I am still waiting to hear from The Cloud Foundation on what exactly what their proposal is going to be. I have been in contact with Ginger and I hope to have that answer soon.
So while I waited, I contacted Jared to ask for some clarification on what this meant. Thank you so much Jared for getting back to me so fast. Here is what he had to say:
You really need to ask TCF what they exactly have in mind. The scoping letter pretty much explains it. TCF isn’t the only party that has wondered if the current PZP prescription is adequate, based upon the details provided in the scoping notice about demographics, efficacy, timing due to access, etc TCF just requested BLM do more. The first place to start to determine the feasibility is a scoping notice. There has been no proposal from any party for an Assateague model, that died in 2010 when the preliminary current EA was issued and the public saw exactly what they asked the BLM to do. This is an opportunity for the public to send BLM a proposal, instead of BLM sending one out and trying to read the tea leaf’s. Any scoping comments provided to the BLM are public record.

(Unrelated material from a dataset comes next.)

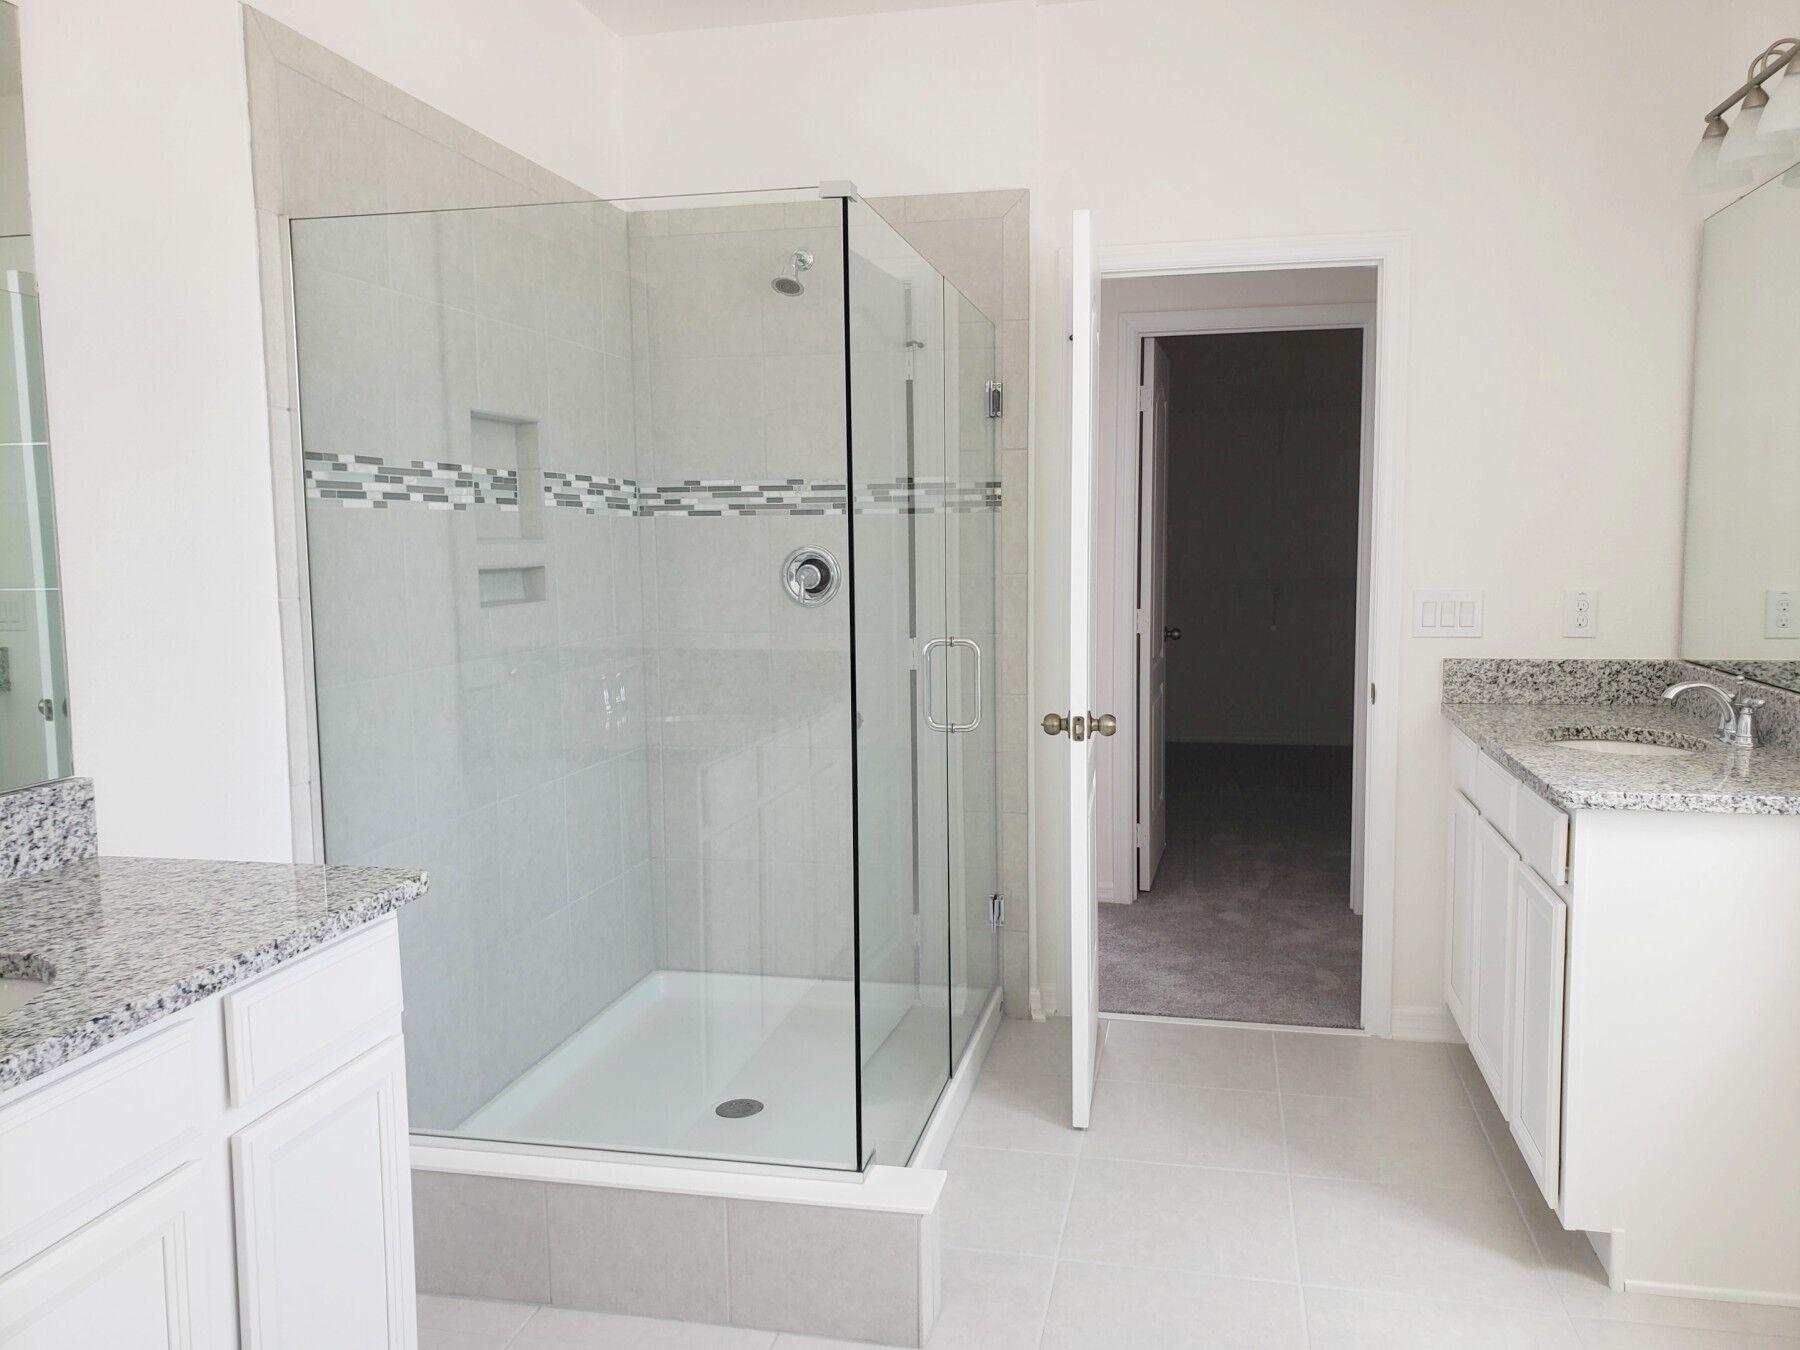 Bungalow Series Owner's Bathroom

Hope this clarify’s things
Rangeland Management Specialist
Montana/Dakotas State Wild Horse and Burro Specialist
5001 Southgate Drive Billings MT 59101
I have my letter ready to send, but will wait until I hear from The Cloud Foundation on their proposal. But, I am thinking it will not change. Here is that letter:
Dear Mr. Sparks,
In regards to the scoping letter regarding the PZP program released April 1, 2013, I as a Montana resident, frequent visitor to the Pryors and permit holder within the Pryors request that the current PZP program remain in place. I feel I have been able to observe and study the horses in their home intently. This year alone, I will be with them for more than 50 days.
I feel that we should see how the current plan works on a good year. With the NPS assisting in the darting of the horses, I feel that the horses will be given the injections in a more timely manner. We should give this program some more time to see how it is working and then re-evaluate as necessary for the next phase starting in 2015.
I would hate to see a rushed decision on changes to the PZP program.
I do not support any changes to the current plan.
Sandra P. Elmore
UPDATE: Here is the link to TCF proposal, just released tonight. I still stand by my letter above. ClickTCF to go there.
For those of you that would like to know what the current plan is for the Asseteague Horses, it is this: on Assateague every mare is treated with PZP and then allowed to foal once around the age of 5 and then she receives PZP for the rest of her life.
I personally feel this is too aggressive for the Pryor Horses. The Pryors is not the Assateague Islands. There are many more factors to consider. Only allowing a mare to have one foal? Will we next be choosing the lucky stallion that gets to reproduce? I am against this micromanagement suggestion.
The NPS is assisting in the PZP injections. This is the second year for that. I would like to suggest that we give this a few years to see how it works now that there are more people helping with it. Let’s not jump into something that may not be reversible.